Meski sudah terbukti banyak korban yang berjatuhan baik dari TNI maupun
Polri dalam kurun waktu yang lama dan beruntun tetapi penanganan kasus
penembakan di Papua terkesan sangat hati-hati. Padahal secara faktual sudah
jelas-jelas penembakan di Papua terindikasi ada kaitan erat dengan
perjuangan untuk memisahkan diri dari wilayah RI. Ada Asing (AS) yang
bermain pada kasus Papua.

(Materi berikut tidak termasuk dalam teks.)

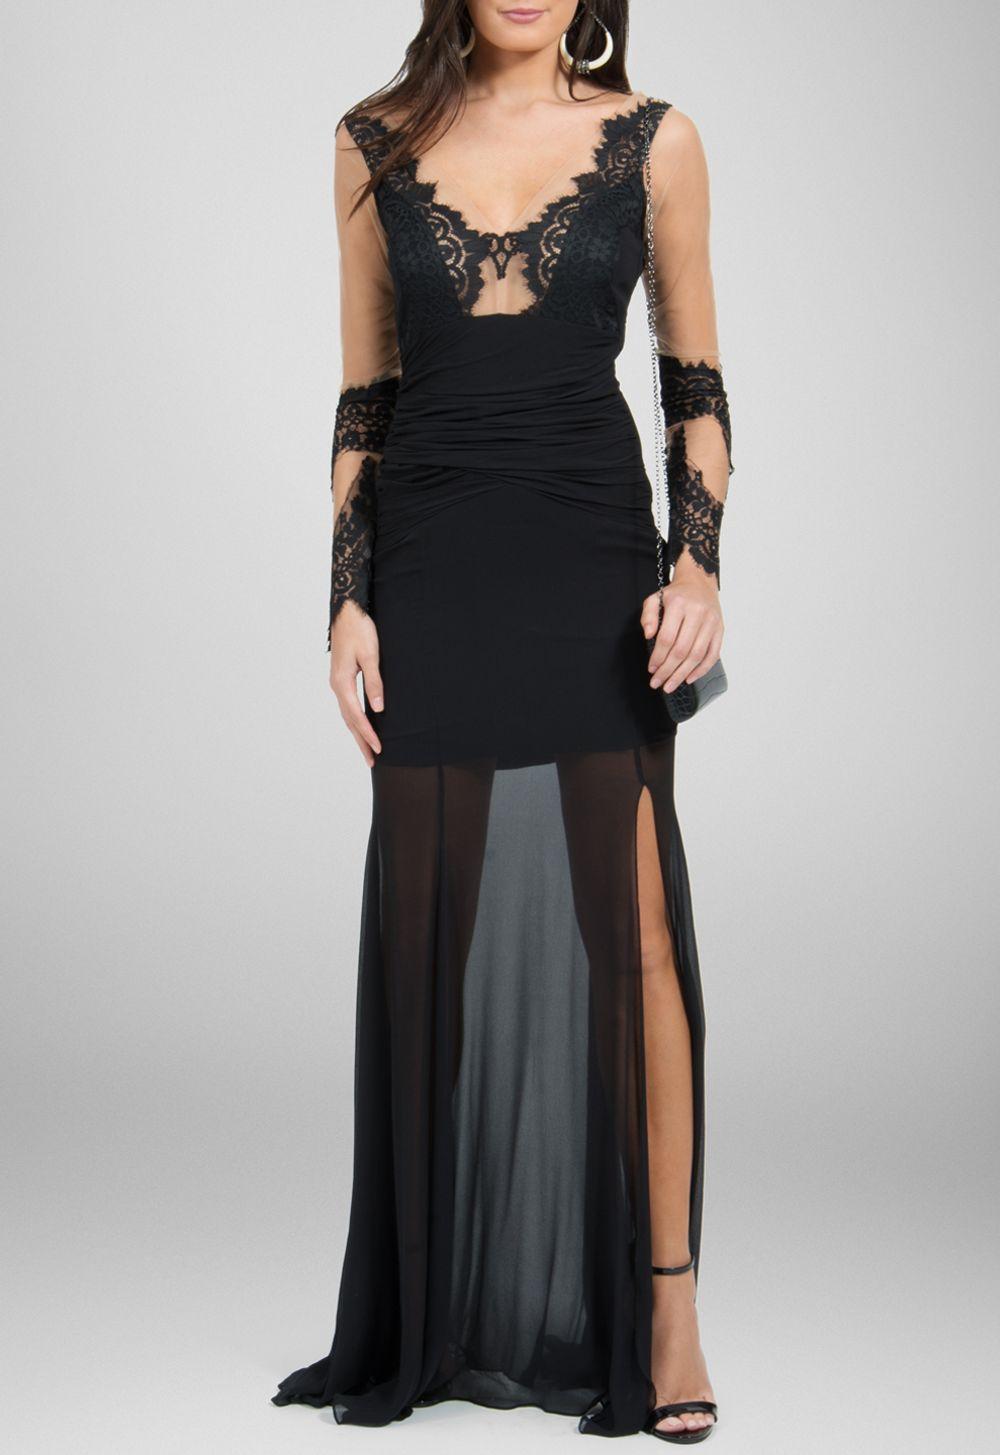 49fd95ad0 Vestido longo de seda com transparência preto Agilitá - powerlook
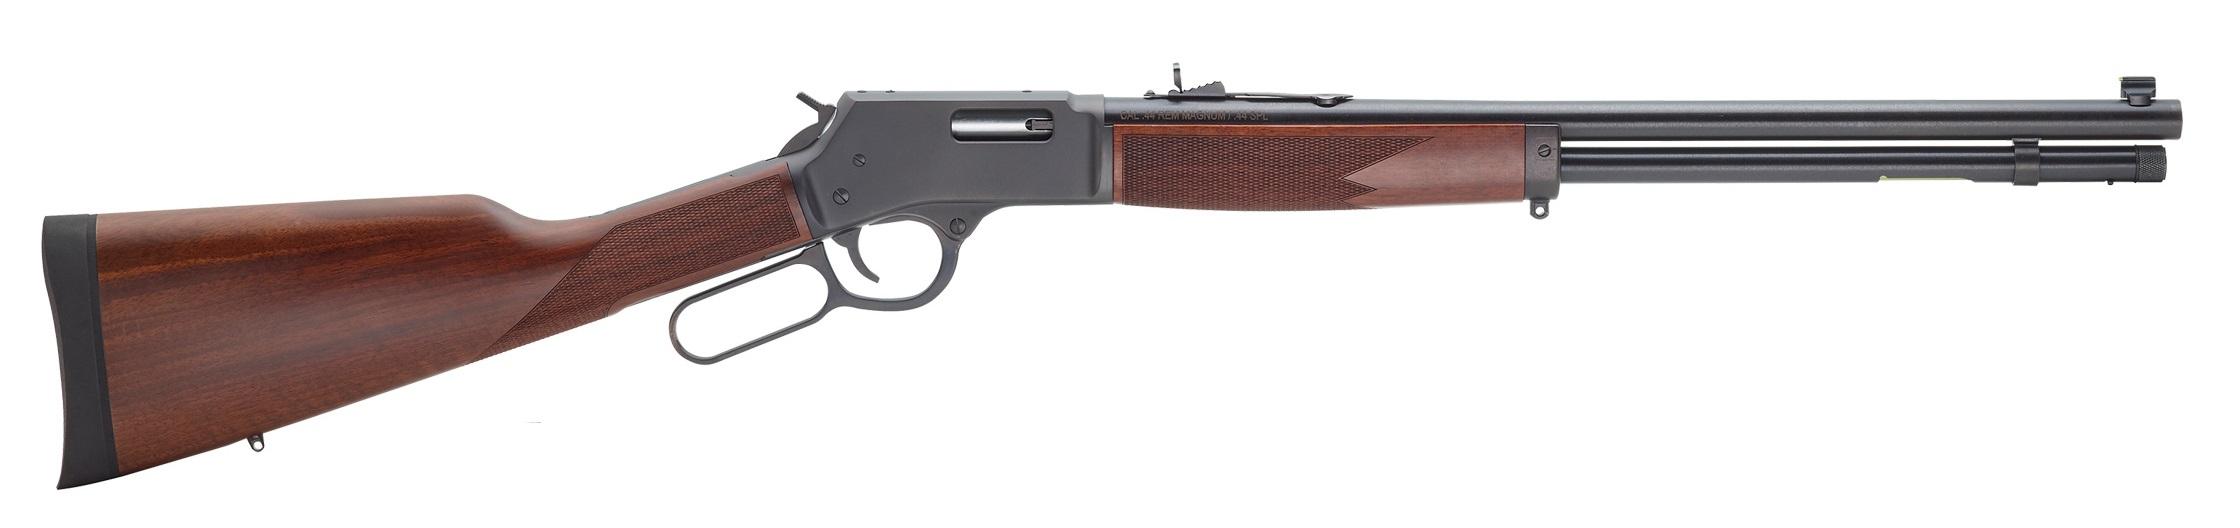 Opakovací puška Henry Big Boy Steel r. .357 Mag./ .45 LC / .44 Rem. Mag.

AS melakukan intervensi politik dengan halus. AS
telah memberikan ruang gerak kepada para aktivis pendukung Papua merdeka
(pro-M) seperti Herman Wainggai yang saat ini telah menetap di AS. Meski AS
terkenal dengan negara superketat terkait kedatangan orang asing.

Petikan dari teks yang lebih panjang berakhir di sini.